Krishnan Ramakrishnan
2019
Non-native Accent Partitioning for Speakers of Indian Regional Languages
Radha Krishna Guntur
|
Krishnan Ramakrishnan
|
Vinay Kumar Mittal
Proceedings of the 16th International Conference on Natural Language Processing
Acoustic features extracted from the speech signal can help in identifying speaker related multiple information such as geographical origin, regional accent and nativity. In this paper, classification of native speakers of South Indian languages is carried out based upon the accent of their non-native language, i.e., English. Four South Indian languages: Kannada, Malayalam, Tamil, and Telugu are examined. A database of English speech from the native speakers of these languages, along with the native language speech data was collected, from a non-overlapping set of speakers. Segment level acoustic features F0 and Mel-frequency cepstral coefficients (MFCCs) are used. Accent partitioning of non-native English speech data is carried out using multiple classifiers: k-nearest neighbour (KNN), linear discriminant analysis (LDA) and support vector machine (SVM), for validation and comparison of results.
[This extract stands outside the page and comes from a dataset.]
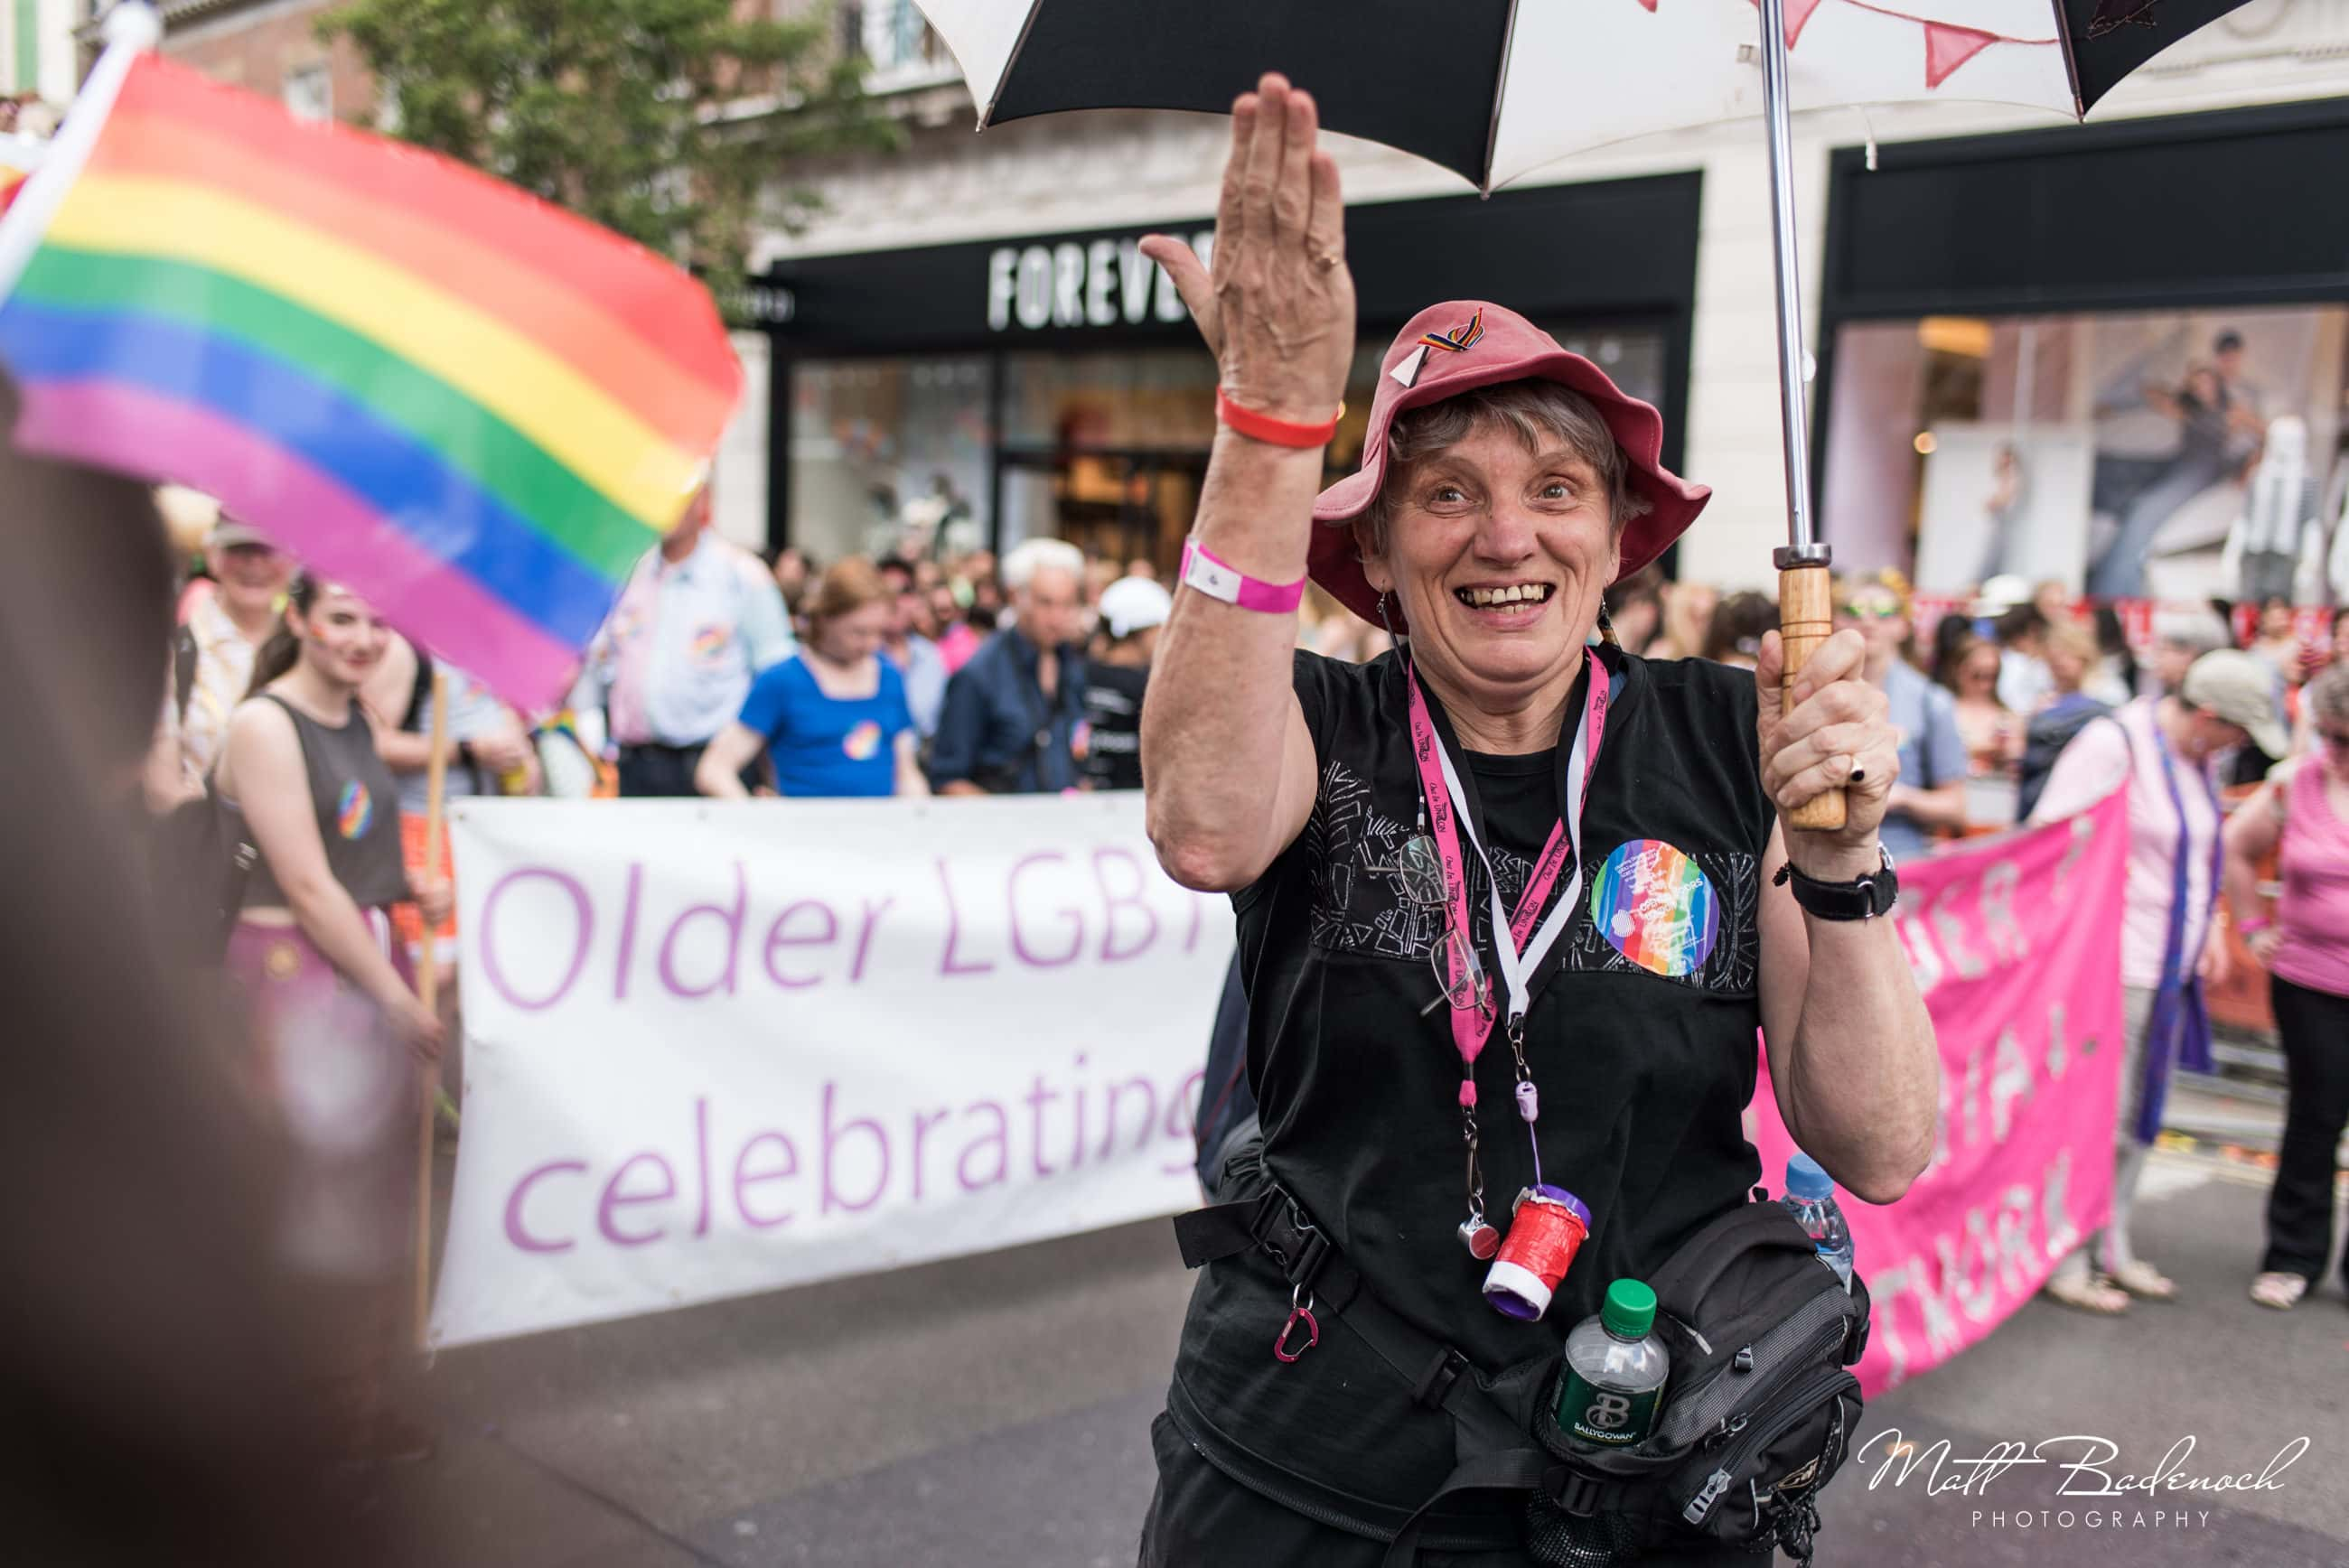 Older LGBT, London Pride Parade 2015 photos

Classification accuracies of 86.6% are observed using KNN, and 89.2% or more than 90% using SVM classifier. A study of acoustic feature F0 contour, related to L2 intonation, showed that native speakers of Kannada language are quite distinct as compared to those of Tamil or Telugu languages. It is also observed that identification of Malayalam and Kannada speakers from their English speech accent is relatively easier than Telugu or Tamil speakers.